>>11997324I'm in the exact same situation. Two years out. I hate it. I could tell I was going to hate design since junior or senior year of college, so I went technical sales. If I stay here for a decade I can get a good salary, but it requires a ton of hours per week, it's always a hustle, you never really become an expert in anything, always just cramming more sales related facts in your head. I don't do any math beyond arithmetic.
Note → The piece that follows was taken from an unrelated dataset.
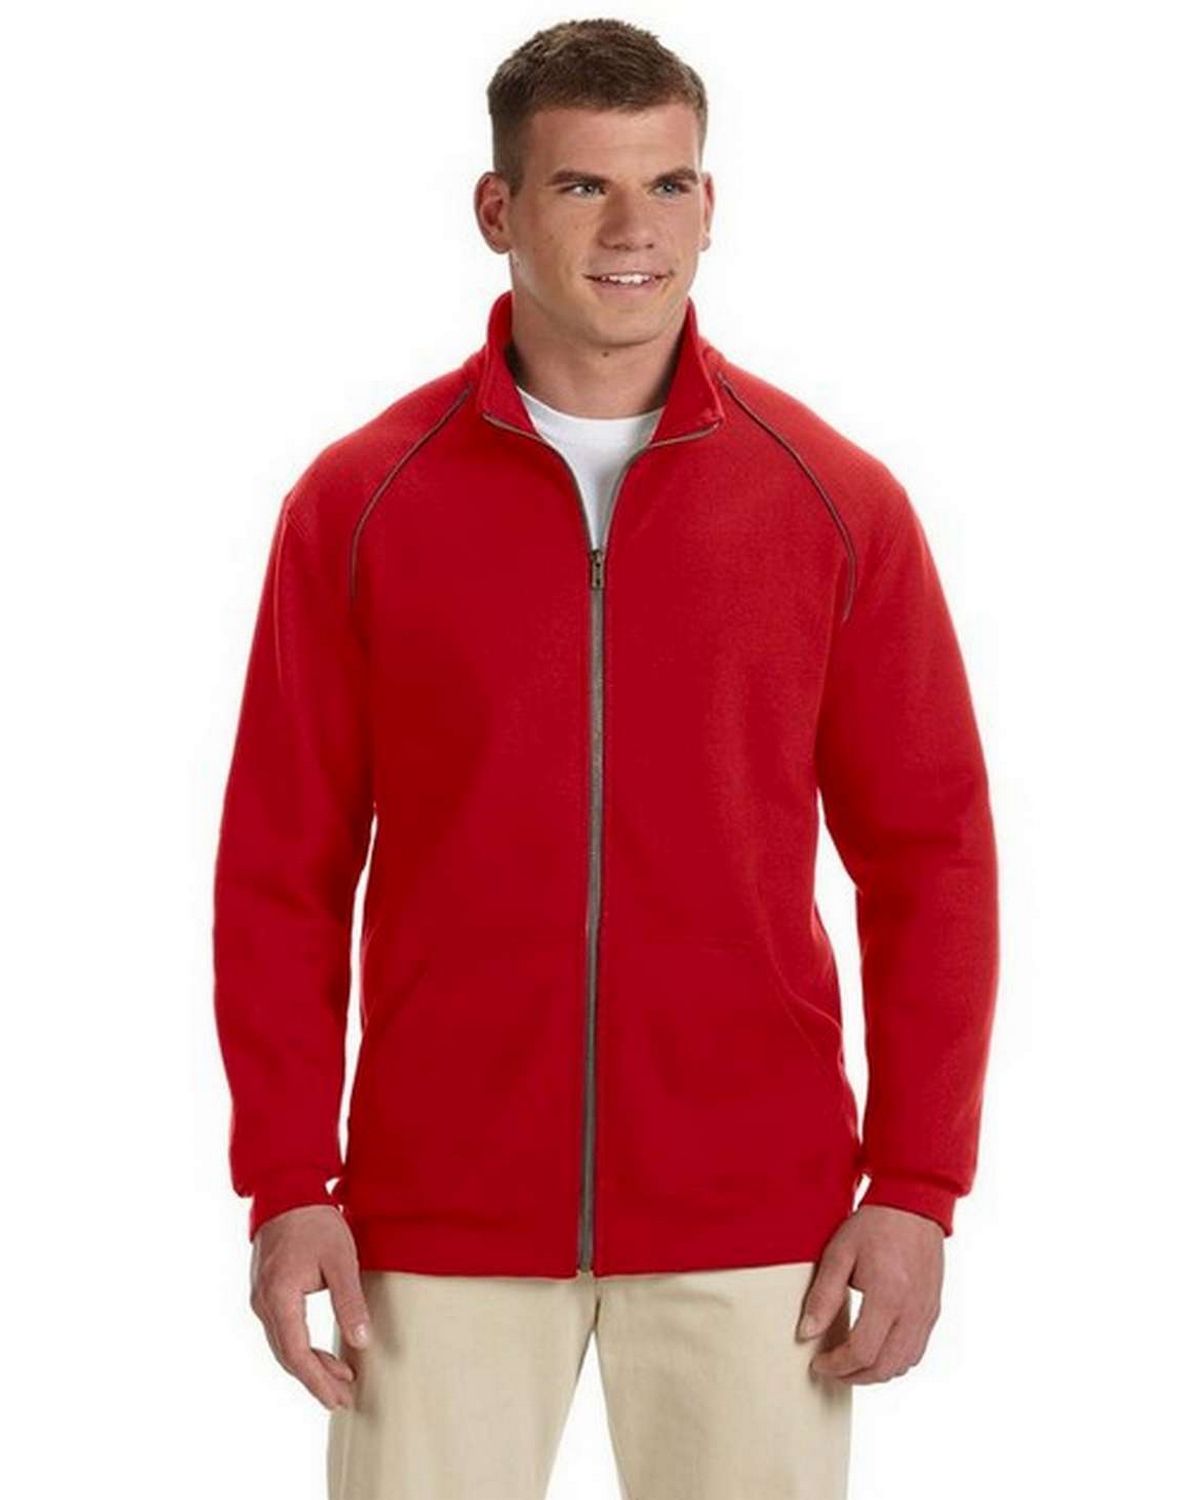 Gildan G929 Premium Cotton™ Ringspun Fleece Full Zip Jacket
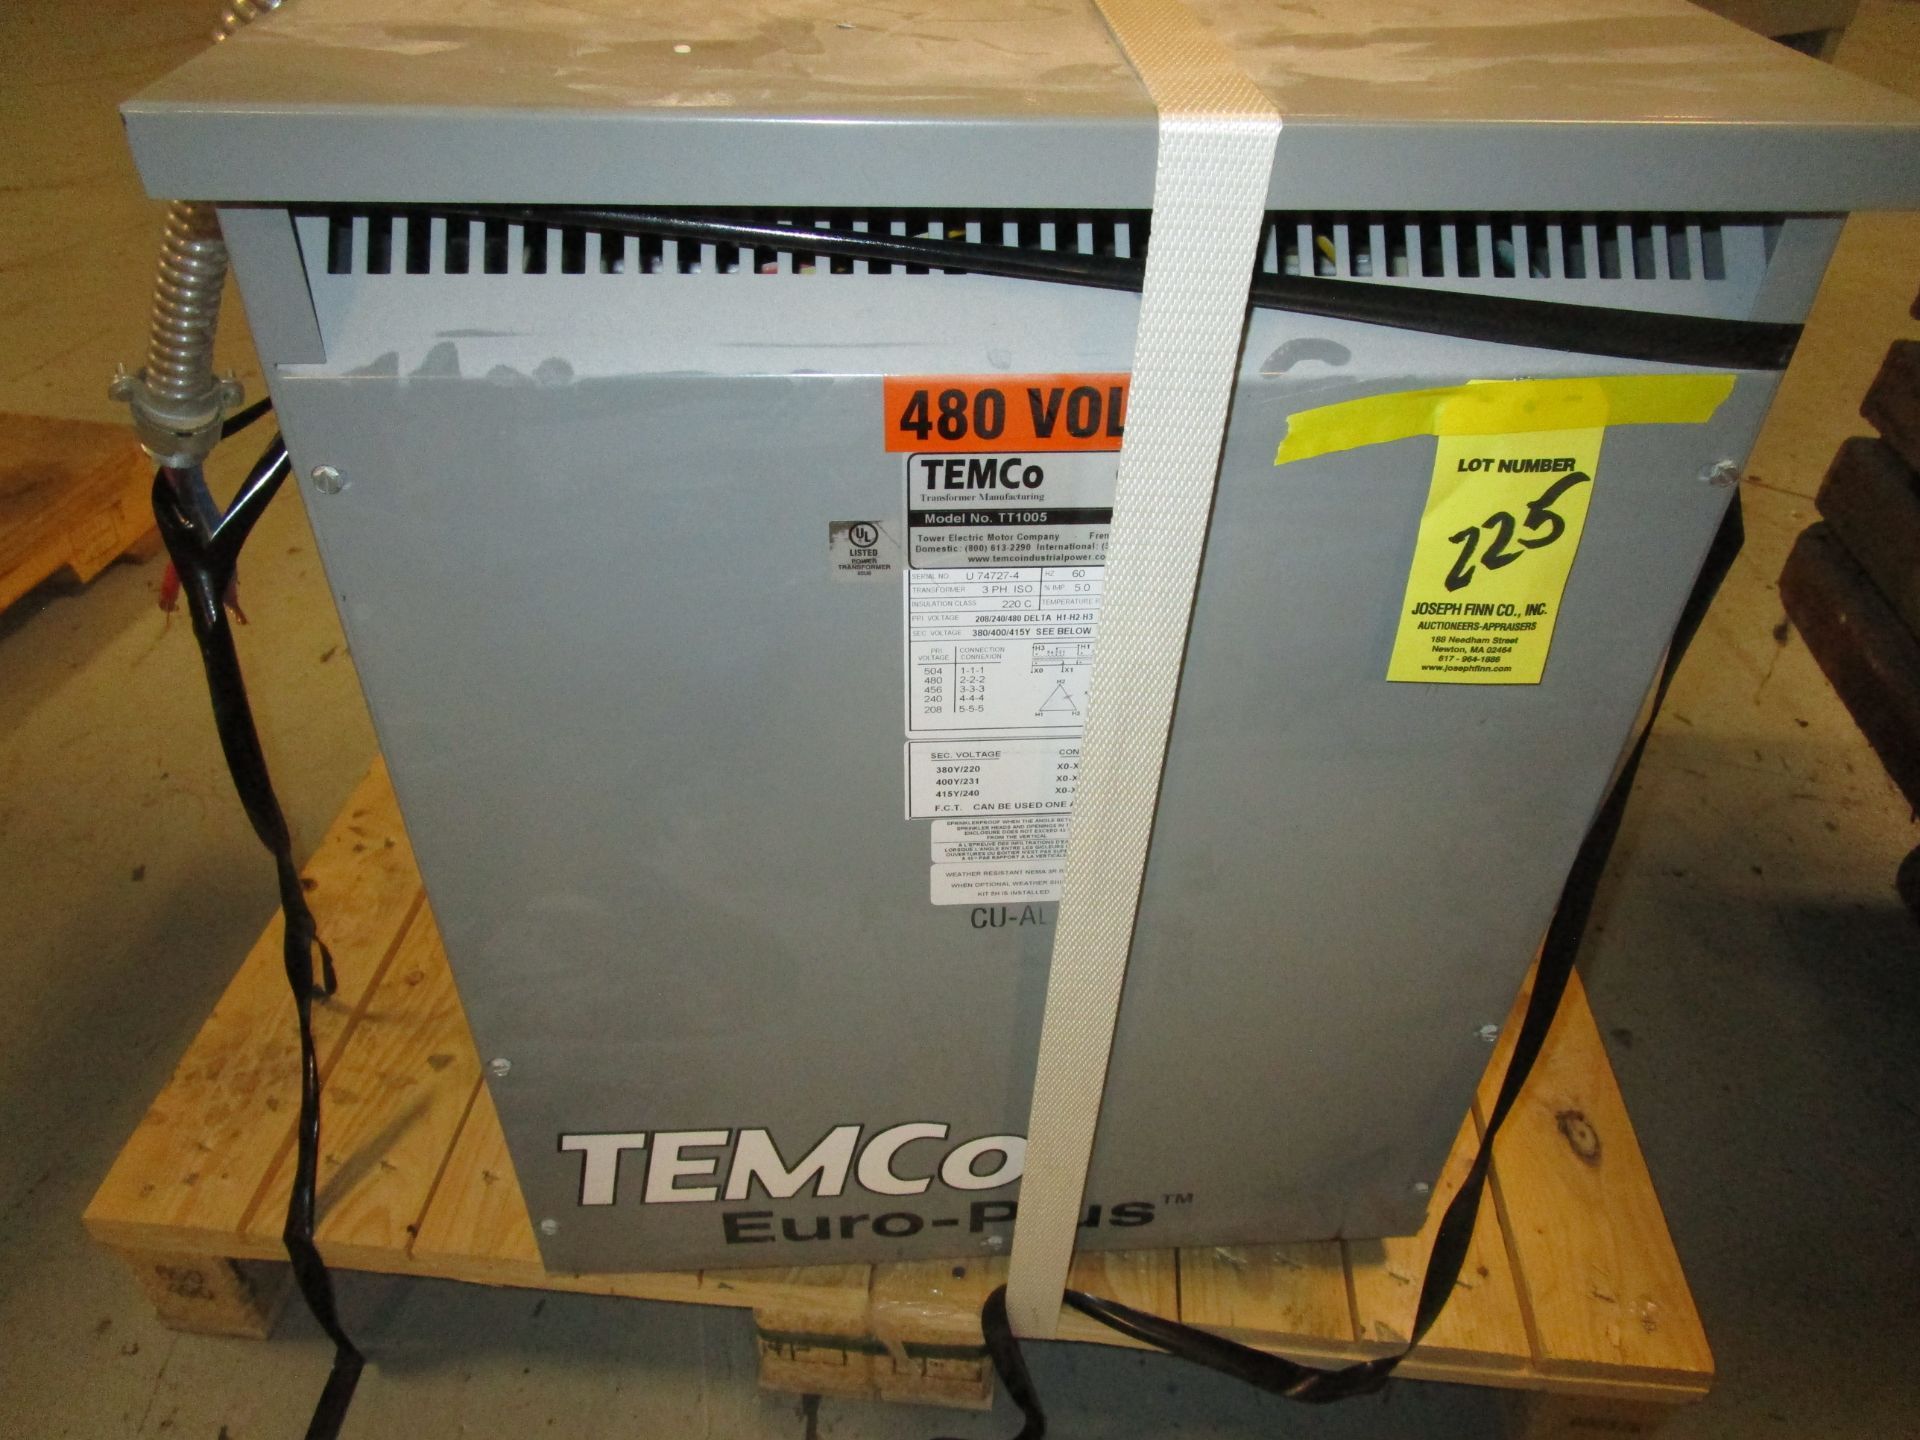 Temco TT1005 45 KVA Transformer s/n U74727-4

All the real engineering work is siloed out to the engineering team, who probably have even more tedious jobs than me.
From my perch here I can see that everything mechanical engineering related - short of being some 20 year old whiz-kid doing R&D for some billion dollar company (and even then that same kid would make twice as much doing something computer related) - is underpaid tedium and stagnation.
I saw the writing on the wall by the time Junior year came around, but by then, switching to Computer Science or Computer Engineering or something would have probably added three extra semesters. And I was going to an extremely expensive school (which my rich grandpa paid for) so I was really hesitant to extend my undergrad. Plus I didn't want to be some unemployable loser who took 5.5 years to get a bachelors in CS. So I took my 4-year, Ivy League MechE degree with honors and here I am making $65,000 a year.
I don't know the solution. Maybe grad school for CS? But I never took object oriented programming or anything beyond intro CS classes and the stuff integrated into our MechE courses. So it'd be at least two years grad school. And I don't even know if I'd like CS so it's a big leap of faith to jump into that.
Ideally I'd use my (supposed) math skills from engineering to sneak into some sort of big-brained job outside of engineering that actually requires non-tedious, non-braindead-rote-pattern-repetition type thinking. But that's such a vague notion it's not even helpful and I'm just average at math for a MechE BS.